Talking To Your Friends and Family 

When it comes to conversations, talking to your friends and family about your struggle with substance use may feel like a tough one. This is a normal feeling and should not deter you from discussing this issue with those you are closest to. You should determine a good time to ask your loved ones to sit and have a conversation with you, preferably when the setting feels calm. Let them know that you need to tell them something and that you love and trust them. 

Explain that you have been dealing with an issue that may be getting out of hand and you might need their help to get better. You can find resources to help them understand that what you are enduring is a disease and not a choice. This may be the first person they have experienced who struggles with addiction, so try to be patient with them. 

Be Prepared for Different Reactions 

As much as your friends and family love you, hearing that you are struggling with substance use might invoke mixed reactions from your loved ones. You should be prepared for some of your loved ones to react negatively, and acknowledge that they may need time to process the information. This does not mean that they love you any less. It is an experience that now affects them and they may need time to figure out how they want to handle it. 

Be Ready to Do the Work

Once you let your loved ones know about the issue you are struggling with, you need to be mentally and physically prepared to then do the work that follows. This could mean finding the treatment that works for you, going through detox, stepping away from your everyday life to focus on becoming sober, and mending any relationships that may have been broken along the way. You can prepare yourself for your loved ones to come along for the ride with you and attend meetings together that help keep you in sobriety. This is a way they can show their support. 

Not Everyone Has to Know 

You can write down a list of those close to you that you want to tell about your struggle with substance use. You should never feel pressured to tell anyone that you do not want to, and you can confide in those you do tell and ask that they keep this matter between the two of you. You have the right to your privacy and to seek help the way you see best. When thinking about who you would like to talk to about your struggle with substance use, it is best to consider those that you know will support your sobriety and not try to normalize your alcohol or drug use. 

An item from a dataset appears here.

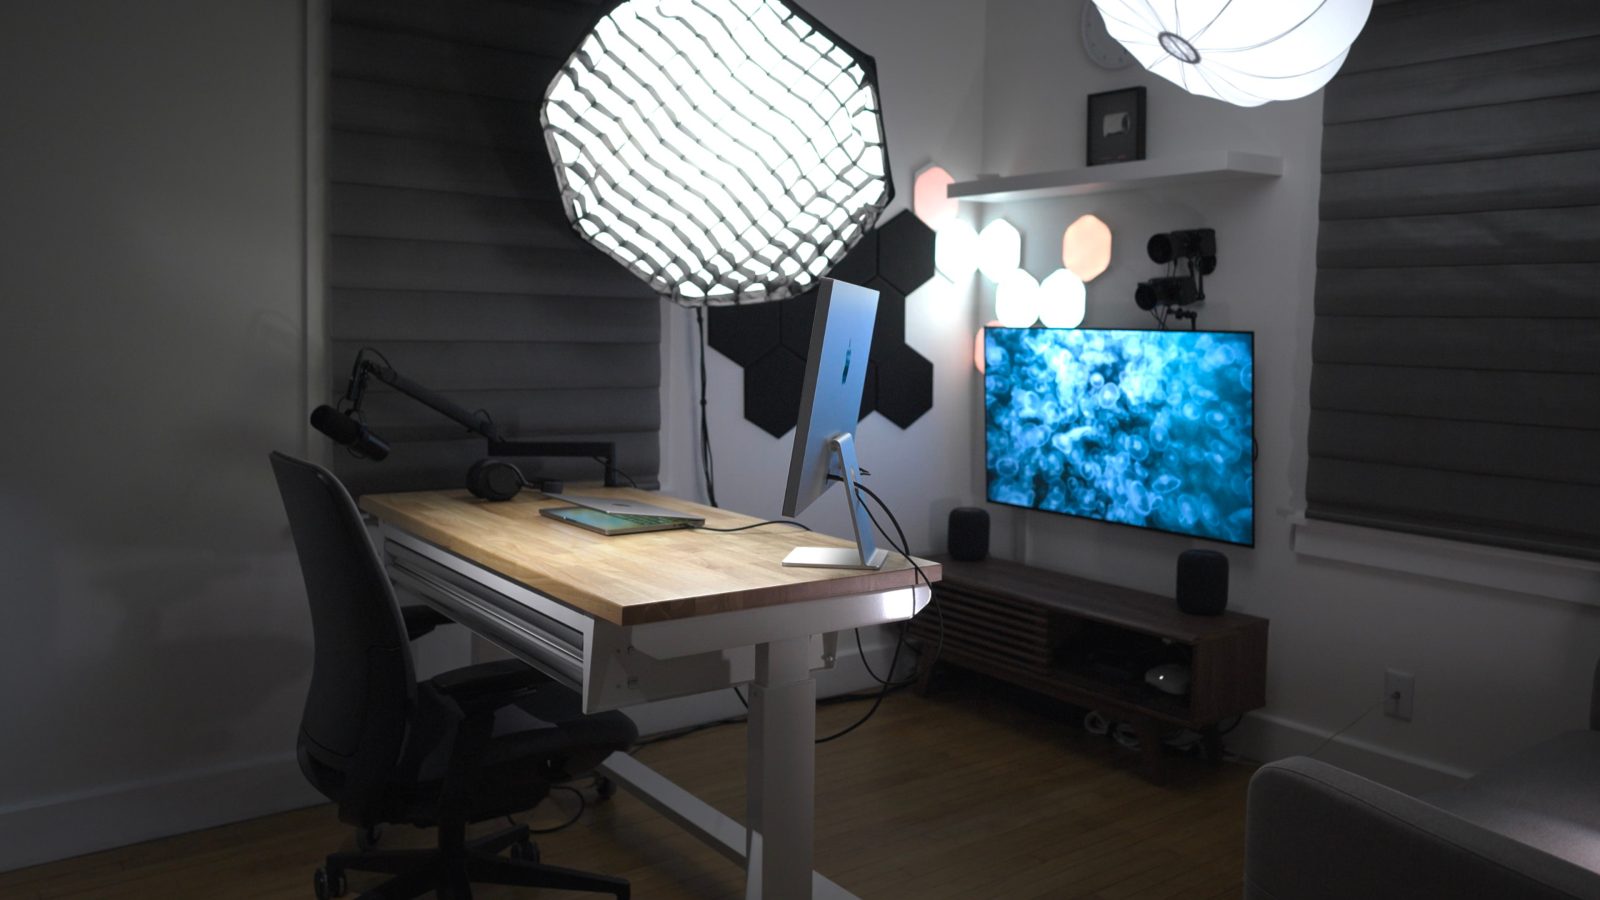 Hands-on: Multi-cam home studio – powered by a MacBook Pro and Thunderbolt
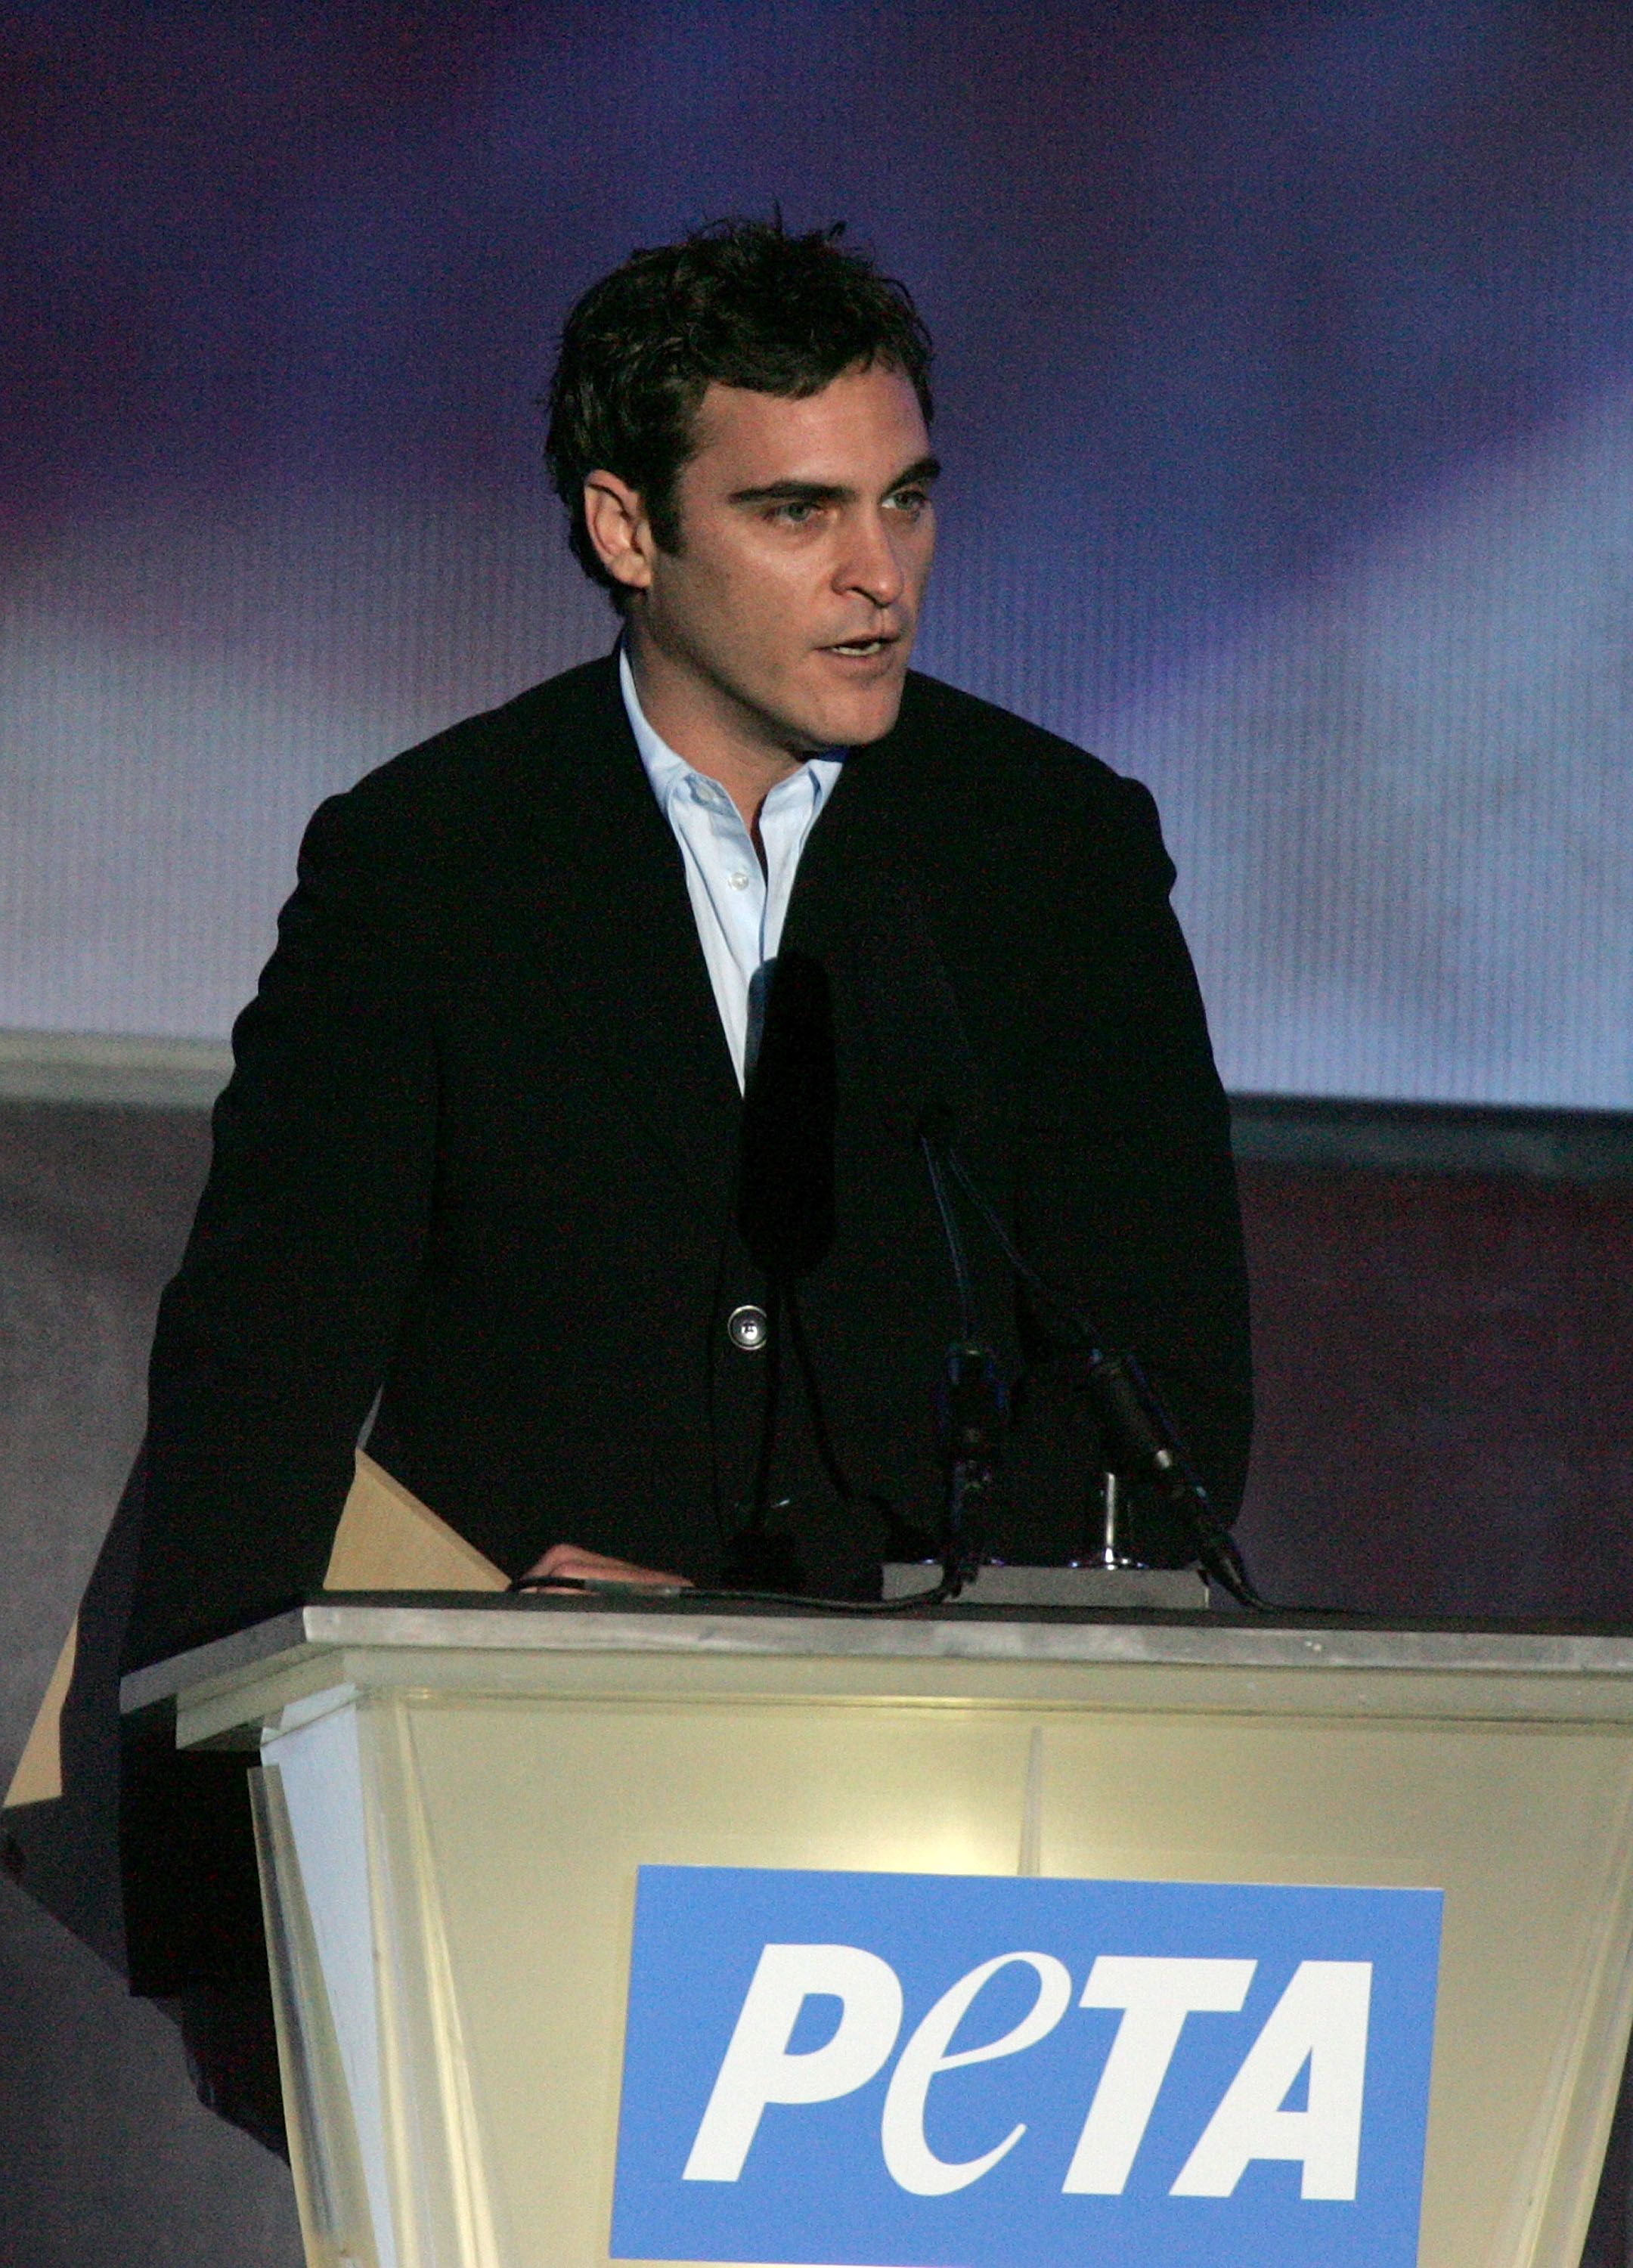 Joaquin Phoenix with the Humanitarian Award on behalf of Casey Affleck during PETA's 15th Anniversary Gala and Humanitarian Awards at Paramount Studios on September 10, 2005 in Hollywood, California. | Source: Getty Images

Be Honest With Loved Ones and Yourself

Taking the steps to be honest with the ones you love can take a lot of courage, and you should feel proud of yourself for that. Beyond that, you should continue to be honest, and talk about why you think you may have developed this struggle with substance use. Your loved ones can potentially help you find a consistent therapist with whom you can discuss these issues and start to make sense of it. Being open and vulnerable about your feelings and past trauma will help you heal and grow into a healthier, sober version of yourself. 

Pursuing Your Goals 

One thing to keep in mind is the reason why you are doing the hard work to become sober. We all have dreams we would love to pursue, and we all have the potential to do so. There may have been a time in your life when you were made to believe you were not good enough or worthy, but you are. You are capable of doing whatever you put your mind to. You are a unique and wonderful individual who happens to have the hurdle of substance use to overcome. 

The good news is that you are not alone in this struggle. There are many people that can relate to this issue, and there are many professionals that want to help you heal from this struggle. If you can be honest and talk to your loved ones about your struggle with addiction, then you can do anything. 

Struggling with substance use can send you into a downward spiral in life. It is something that you can’t handle on your own. You should not be ashamed to disclose your struggles and should feel willing to open up to your friends and family about them. You are more than your addiction, and with the help of loved ones and professionals, you can overcome this hurdle. You have so much to offer to yourself and others in your life, so why not live life to the fullest and pursue a healthy, sober life? Once you talk to your loved ones about your struggle, you must be ready to do the work that follows that conversation. If you’re ready to take that first step toward long-term sobriety, call Lighthouse Recovery Texas today at (214) 396-0259 to find out more about treatment options.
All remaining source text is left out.